On Mon, 2026-02-23 at 21:42 +0100, Attila Soki wrote:
> > > plan-ok:
> > > https://explain.depesz.com/s/hQvM
> > >
> > > plan-wrong:
> > > https://explain.depesz.com/s/uLvl
> >
> > Thanks.
> >
> > The difference in the plans is under the "Subquery Scan on odg", starting with
> > plan node 50 (everything under the "Sort"). I suspect that the mis-estimate
> > that is at the root of the problem is here:
> >
> > -> Index Scan using table_k_late_spec_dp_end_dat_key on schema1.table_k kal (... rows=196053 ...) (...
rows=471.00...)
> > Index Cond: (kal.dp_end_dat < ('now'::cstring)::date)
> > Index Searches: 1
> > Buffers: shared hit=230 read=49
> > I/O Timings: shared read=0.142
> >
> > PostgreSQL overestimates the row count by a factor of over 400.
> > Try to fix that estimate and see if that gets PostgreSQL to do the right thing.
> >
> > Perhaps a simple ANALYZE on the table can do the trick.
>
>
> In the examples I used table_k to flip the plan with
> vacuumed -Upostgres -vZ -t schema1.tbl_used_in_query db1
> in the explain output schema1.tbl_used_in_query is table_k
I cannot understand that.
> > The right side of the comparison looks awkward, as if you wrote 'now'::text::date
> > My experiments show that PostgreSQL v18 estimates well even with such a weird
> > condition, but perhaps if you write "current_date" instead, you'd get better results.
>
> I didn't realize that made a difference. I will replace all occurrences. It also looks more clean with current_date.

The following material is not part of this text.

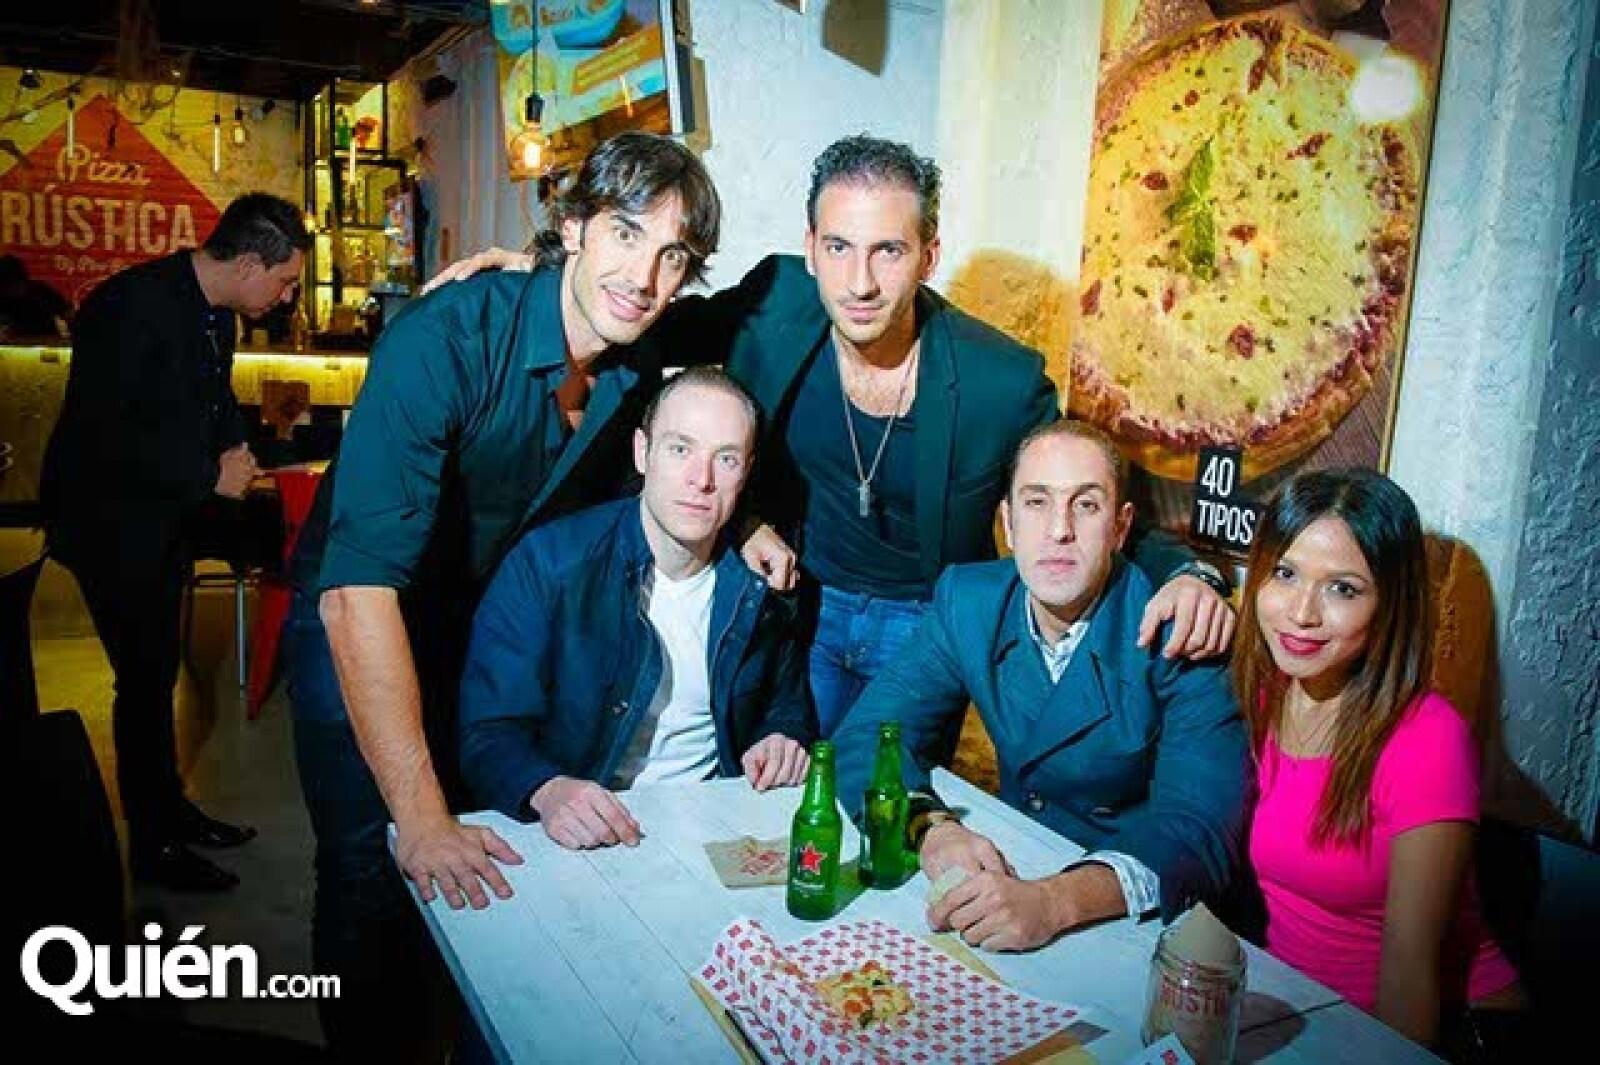 Pedro Prieto,Luis Trabulse,Pepe Trabulse,Johnny Abraham y Liliana Boneti

It *didn't* make a difference when I played with that...
> > I'd play just with a query like
> >
> > EXPLAIN (ANALYZE)
> > SELECT * FROM schema1.table_k AS kal
> > WHERE dp_end_dat < current_date;
> >
> > until I get a good estimate.
>
> I will try to set custom statistics for dp_end_dat and the fields used by the table_k_late_spec_dp_end_dat_key index.
> Let’s see if that helps.
For a simple condition like that, extended statistics won't help.
That's why I suggested a plain ANALYZE.
I am not sure why that is estimated so badly.
Yours,
Laurenz Albe